** Work to complete **
Without any of the pictures, transcribe all the lines below exactly.

** Provided material **
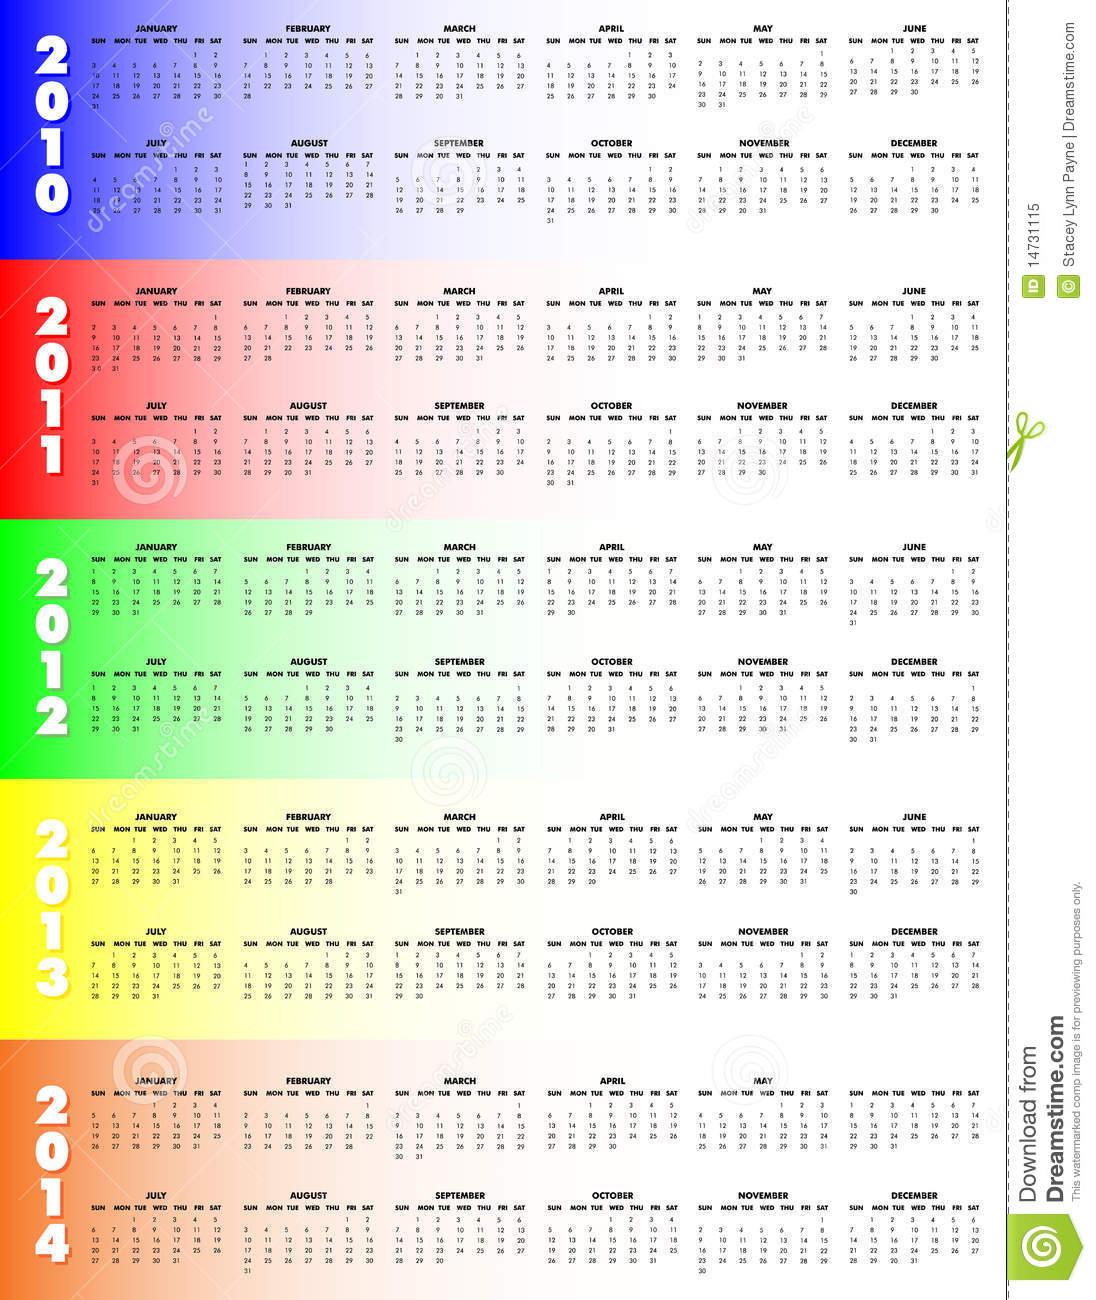 Five Year Calendar 2010 2014 Stock Vector Illustration
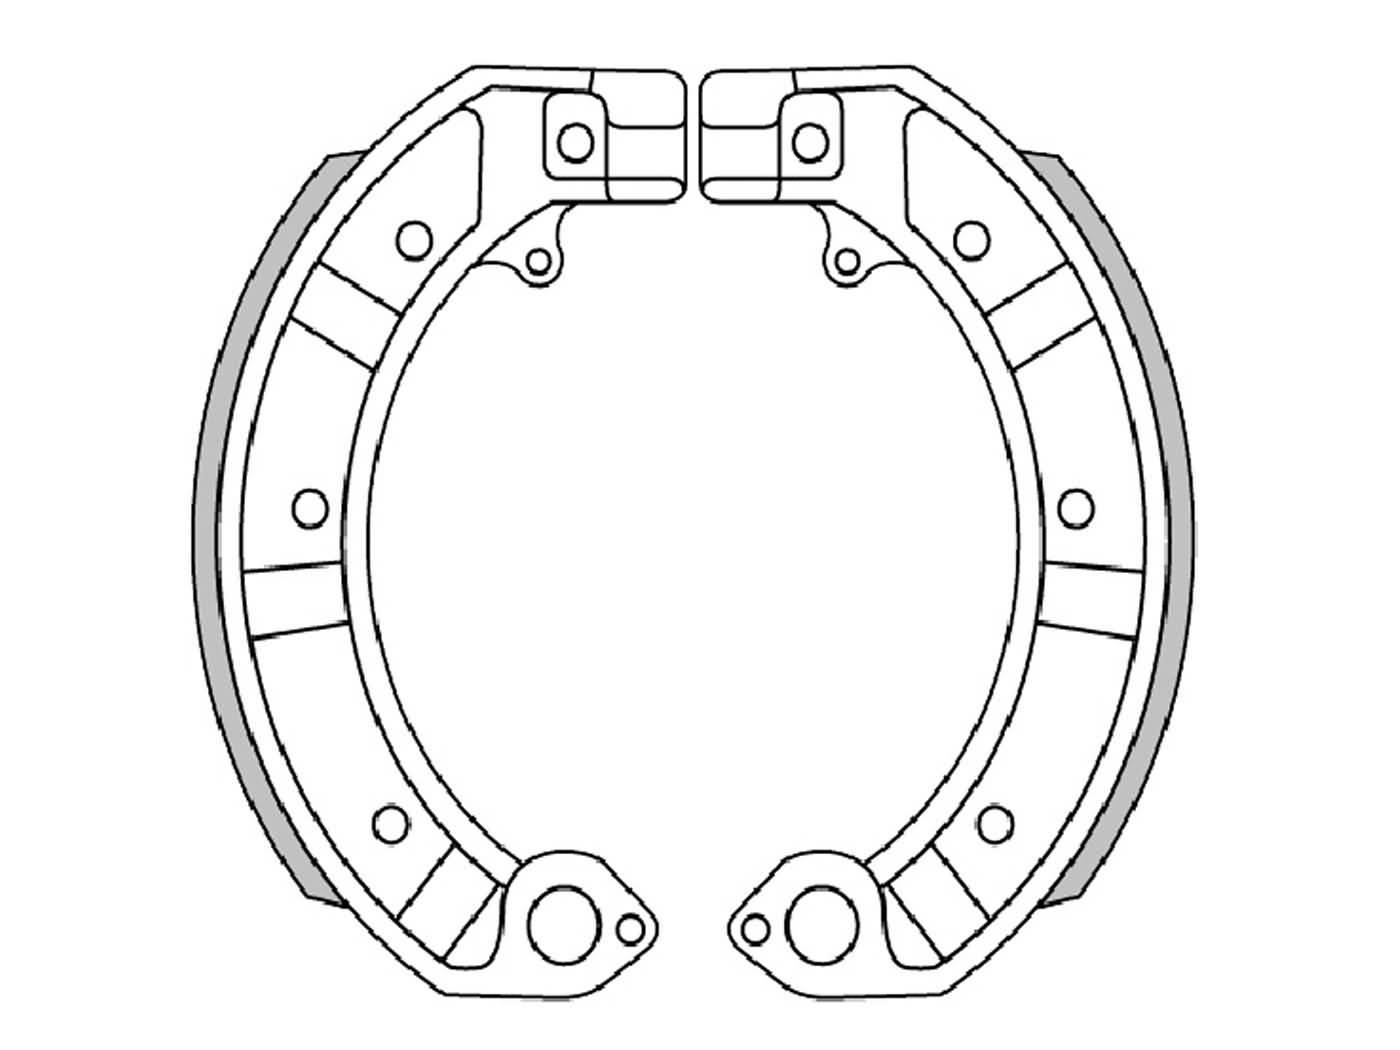 brake shoe set Polini 150x24mm for drum brake for Vespa PK
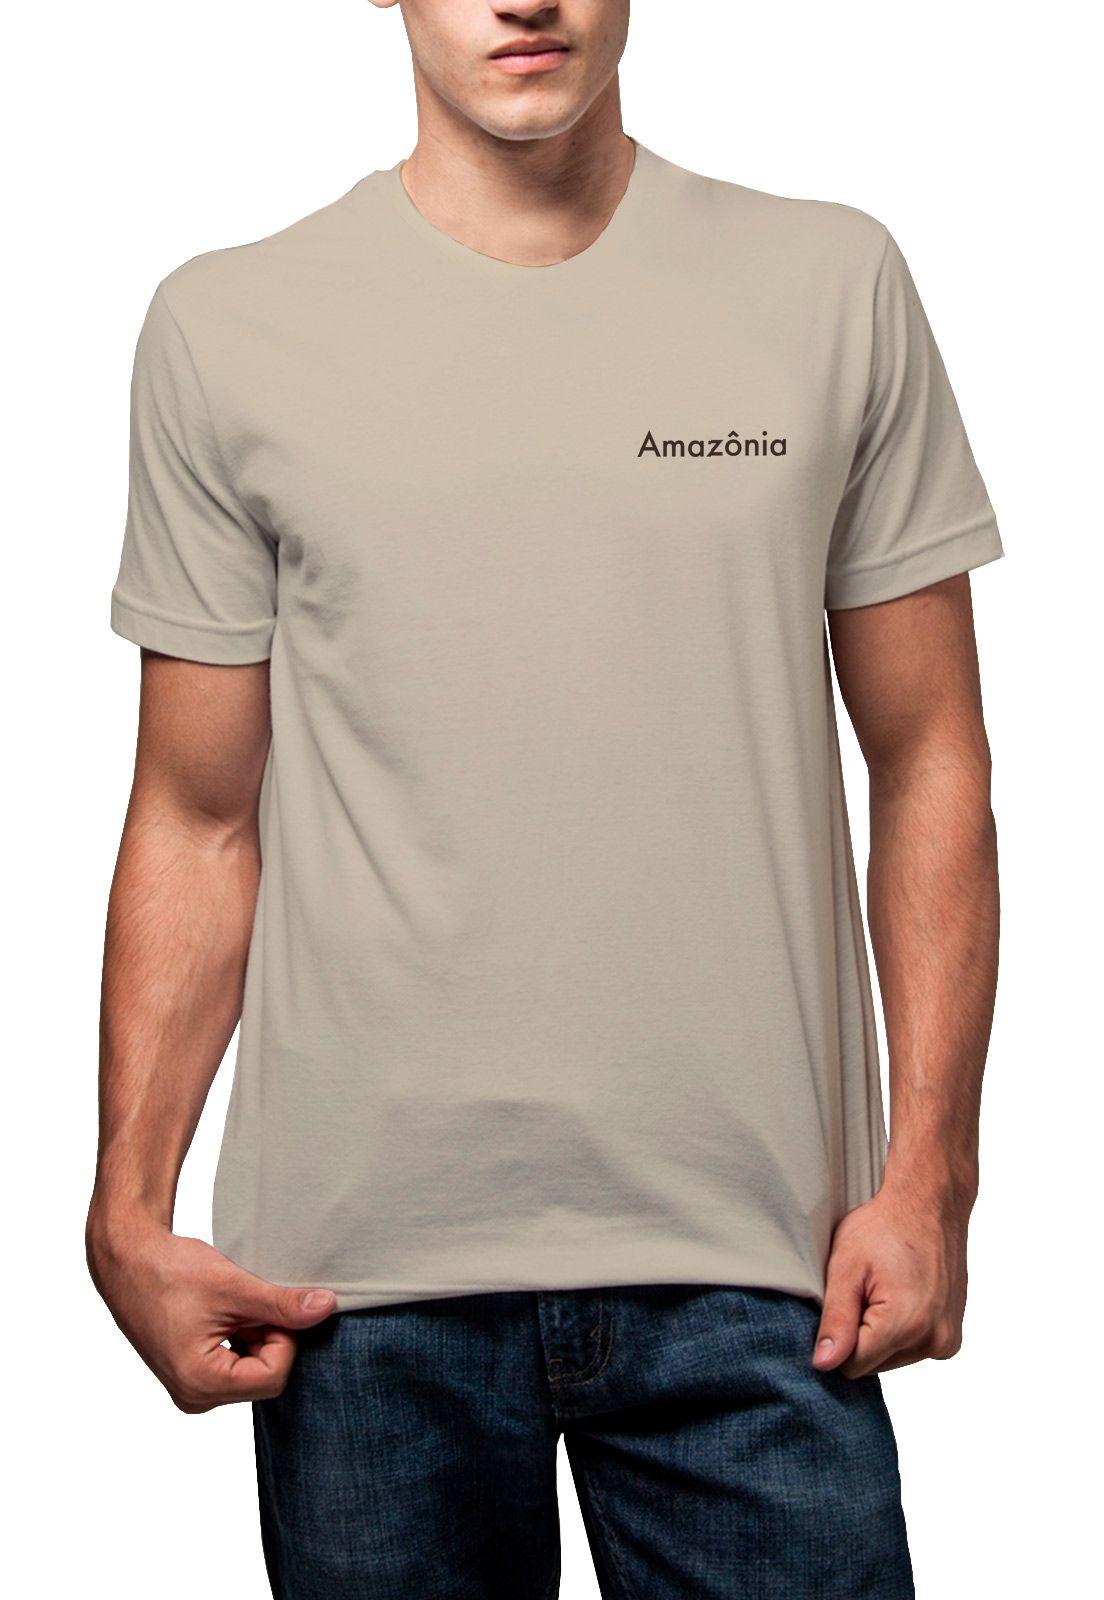 Camiseta Amazônia Índio Arco e Flecha - Bege
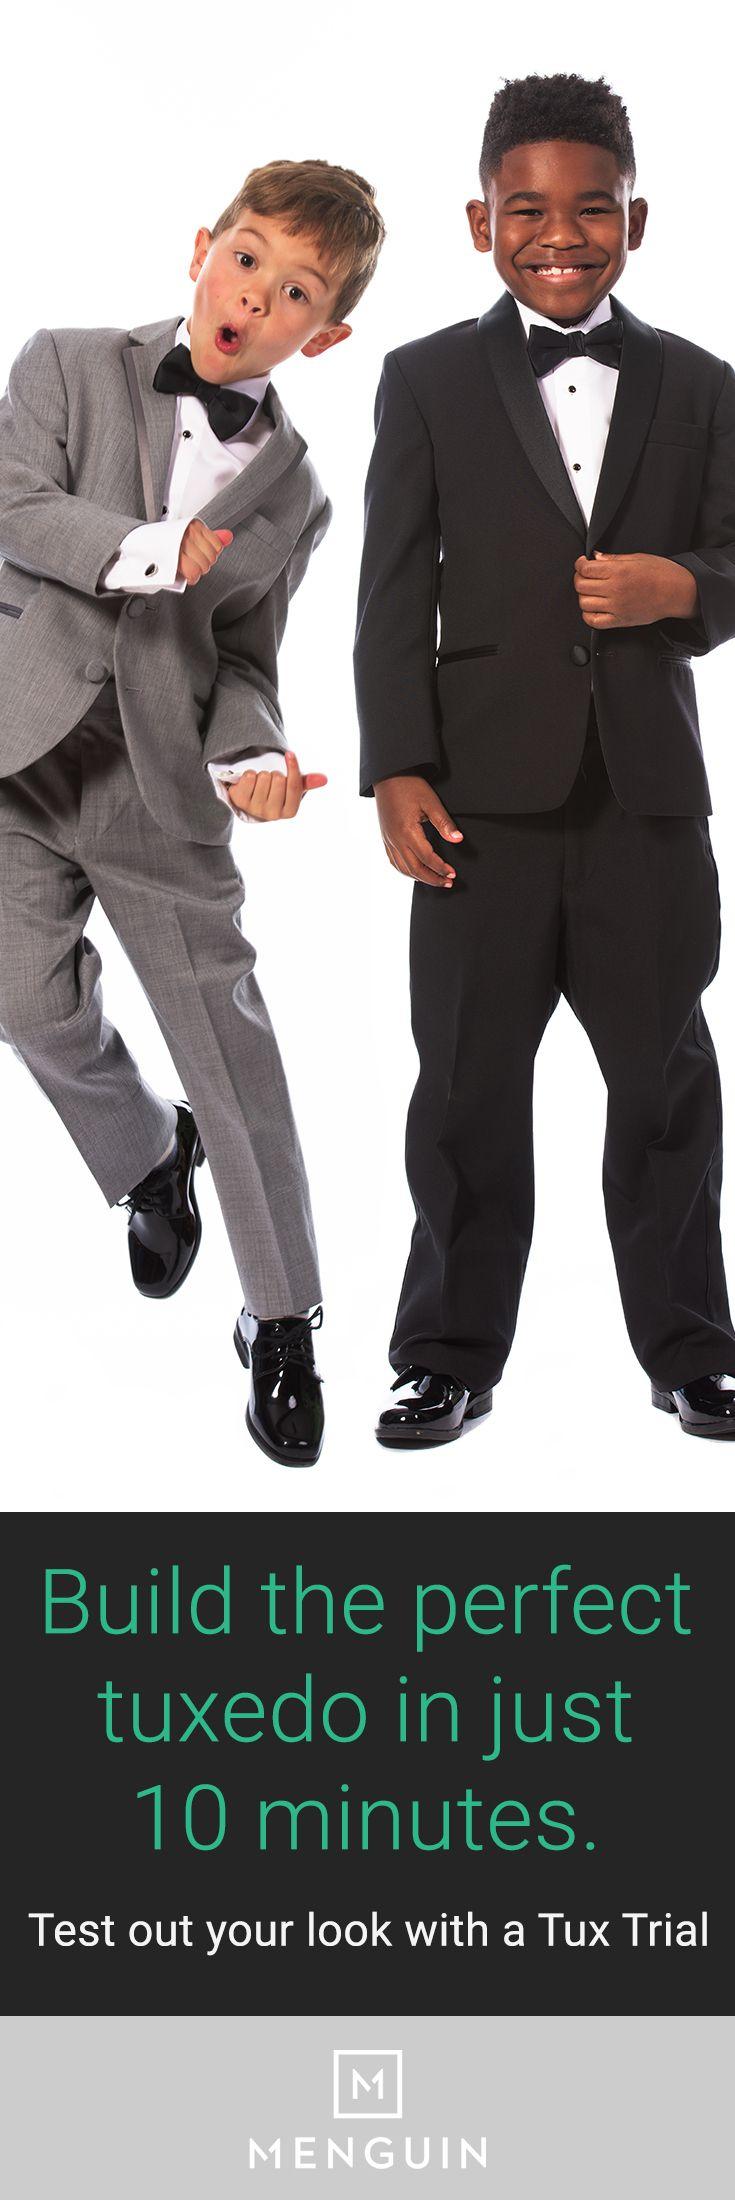 316 best Tuxedo Rental images on Pinterest | Tuxedo wedding ...

** Problem solution **
 Five Year Calendar 2010 2014 Stock Vector Illustration
 brake shoe set Polini 150x24mm for drum brake for Vespa PK
 Camiseta Amazônia Índio Arco e Flecha - Bege
 316 best Tuxedo Rental images on Pinterest | Tuxedo wedding ...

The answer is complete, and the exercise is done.